> [WHAT YOU WILL DO] From top to bottom, retype the data exactly, passing over any picture.

> [DATASET SECTION]
*** Block opens ***

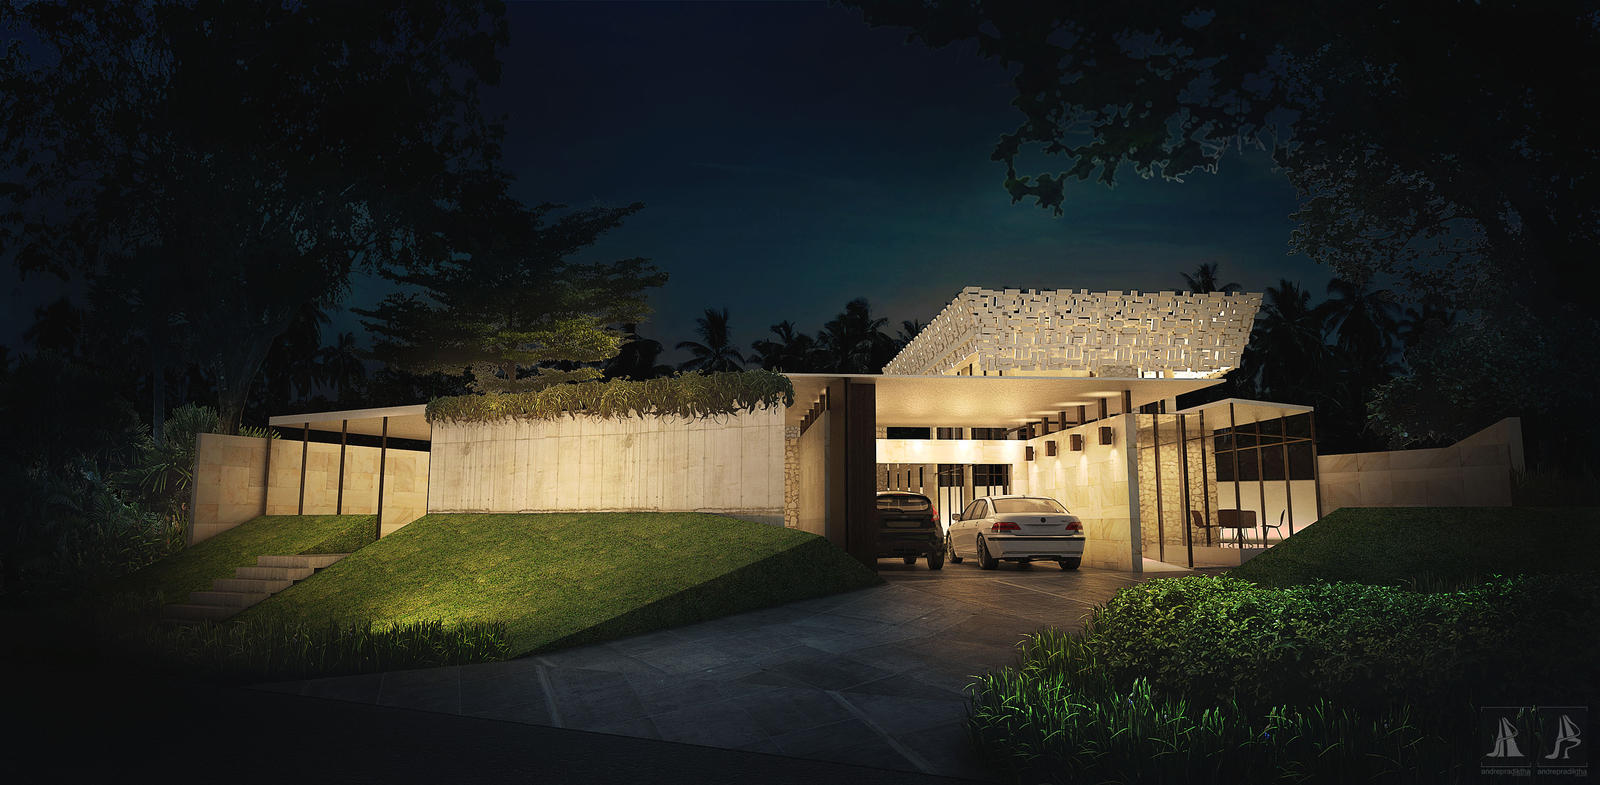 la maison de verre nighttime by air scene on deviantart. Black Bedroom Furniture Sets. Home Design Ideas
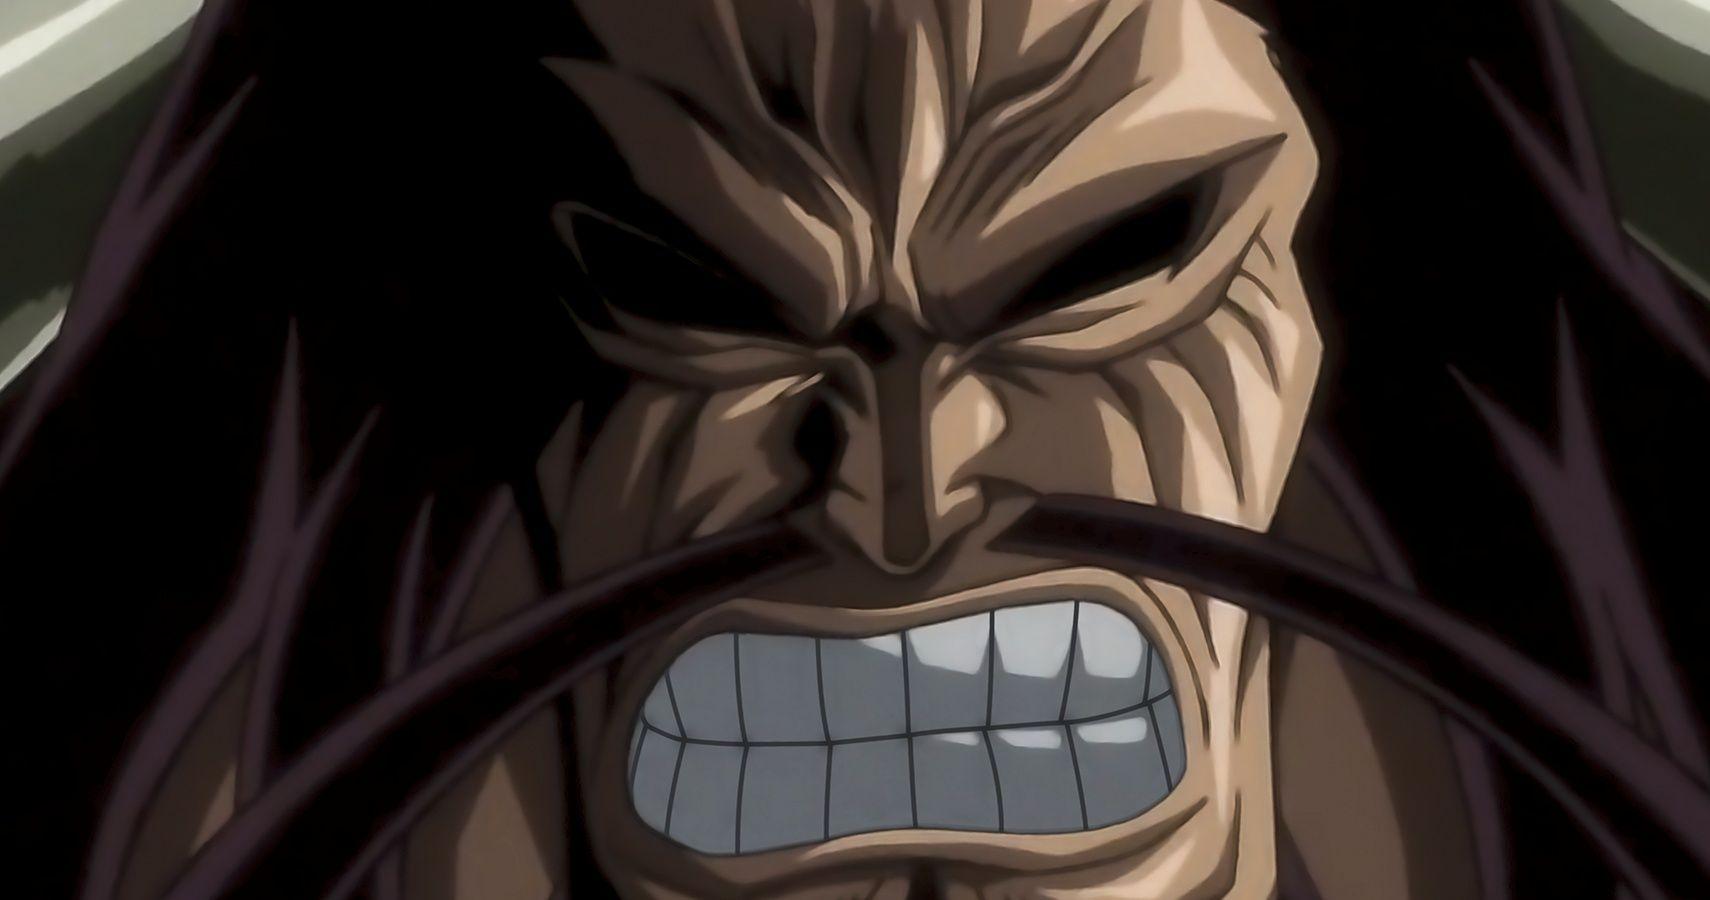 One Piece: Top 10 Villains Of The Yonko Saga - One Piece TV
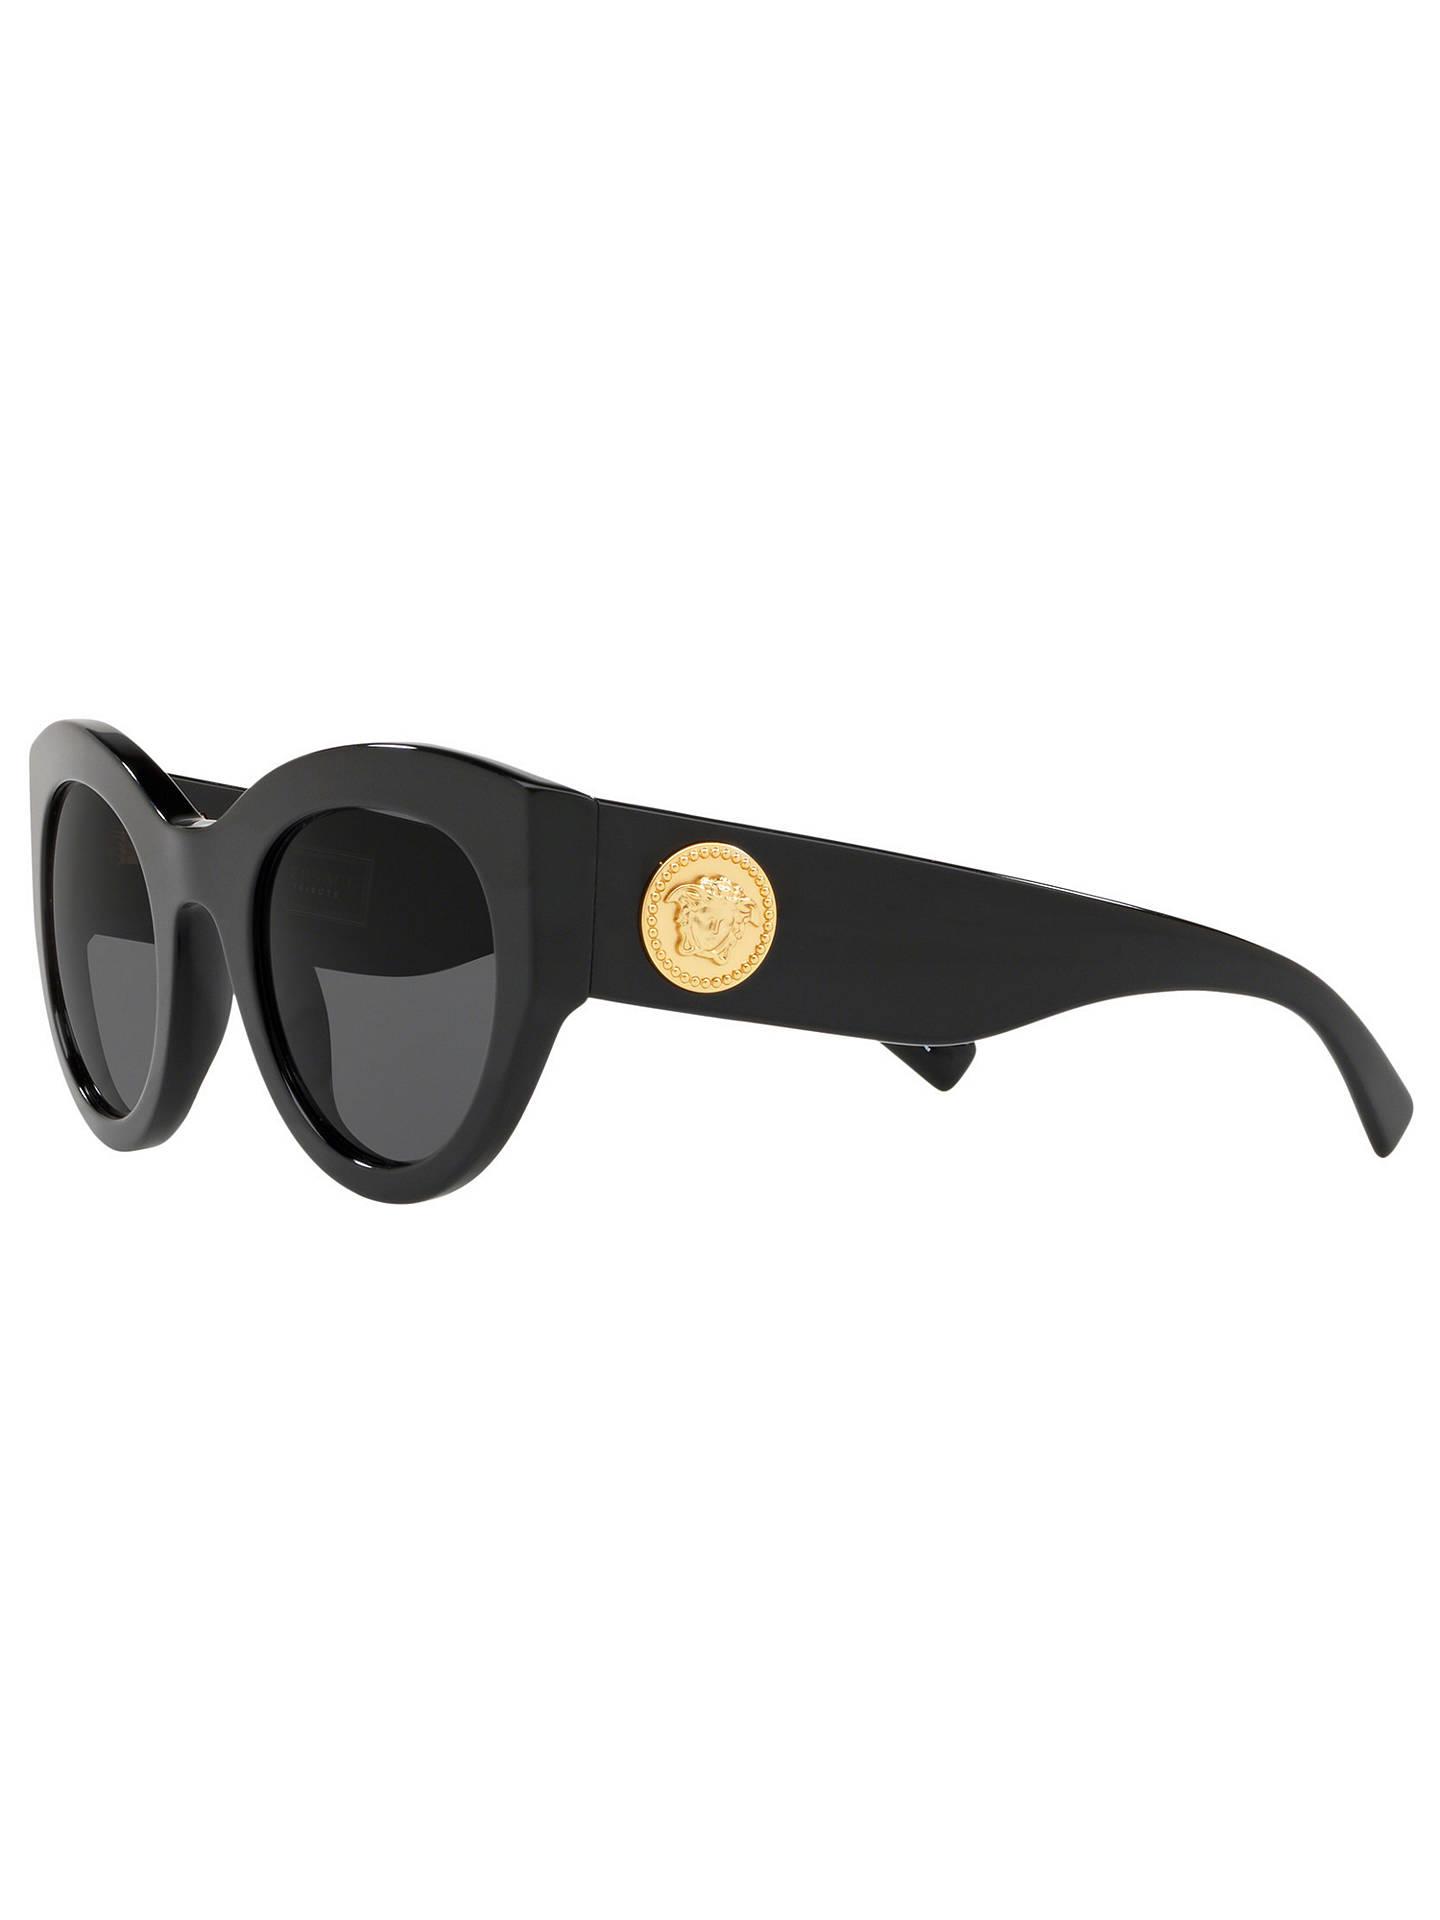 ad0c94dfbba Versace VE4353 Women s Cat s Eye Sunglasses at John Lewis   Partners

*** Block closes ***

> [ANSWER SPACE]
 la maison de verre nighttime by air scene on deviantart. Black Bedroom Furniture Sets. Home Design Ideas
 One Piece: Top 10 Villains Of The Yonko Saga - One Piece TV
 ad0c94dfbba Versace VE4353 Women s Cat s Eye Sunglasses at John Lewis   Partners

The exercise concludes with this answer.